VOORBEREIDING
Pekel de varkenskotelet minimaal een uur voordat u hem gaat bereiden en laat hem in de koelkast staan tot u hem gaat bereiden.
Door te pekelen wordt je varkenskotelet extra mals en sappig (nadat ik dit heb geleerd, maak ik GEEN varkenskotelet meer zonder hem eerst te pekelen. Je zult nooit meer droge varkenskoteletten hebben).
Voor de pekel heb je een diepvrieszakje met een afsluitbare ritssluiting nodig (een kom of pan kan ook).

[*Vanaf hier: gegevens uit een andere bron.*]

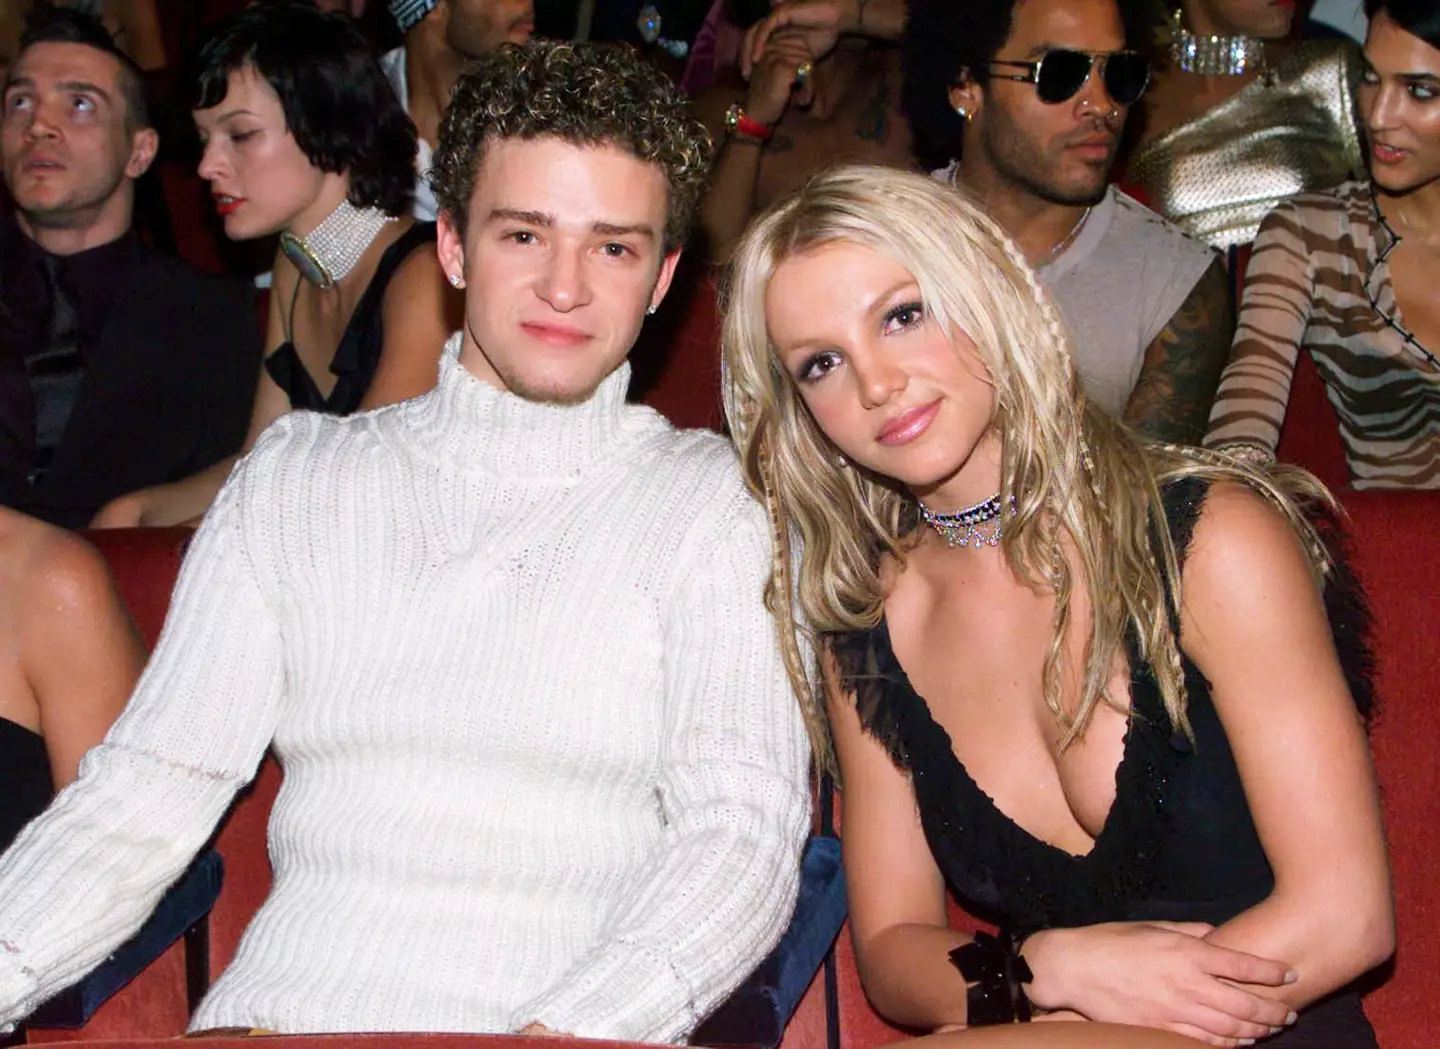 Justin Timberlake and Britney Spears dated in the early 00s.

Doe er 1 eetlepel zout, 1 laurierblad, een paar hele zwarte peperkorrels en een geplette teen knoflook in.
Al deze ingrediënten zijn optioneel, behalve het zout.
Het zout is het belangrijkste onderdeel van een pekeloplossing.
Met de anderen kun je experimenteren.
Tijm en rozemarijn zijn ook leuk om te proberen.
Meng alles goed door elkaar en zorg ervoor dat de varkenskotelet volledig onder water staat.
Laat het minimaal 1 uur in de koelkast staan (eigenlijk moet je het maximaal 12 uur laten pekelen, maar als je echt weinig tijd hebt, kan 1 uur ook voldoende zijn).
Haal na een uur de varkenskotelet eruit en laat op kamertemperatuur komen. Dep droog. Je kunt een beetje zwarte peper of kruiden toevoegen, maar je hoeft geen extra zout toe te voegen. Ik voeg meestal alleen zwarte peper toe en soms een snufje tijm.
Verwarm de oven voor op 175°C.
Snijd een halve appel in dunne plakjes.
Doe 1 eetlepel boter in het midden van een ovenschaal en leg de varkenskotelet er direct bovenop.
Leg de gesneden appels er direct bovenop en de rest eromheen. Voeg een flinke snuf kaneel en nootmuskaat toe.
Bak gedurende 25-30 minuten, of tot de interne temperatuur van de varkenskotelet 60°C bedraagt (niet te lang bakken!).
Leg het op een bord en druppel de gesmolten panboter erover. Dat is alles. Echt waar. Het is geweldig.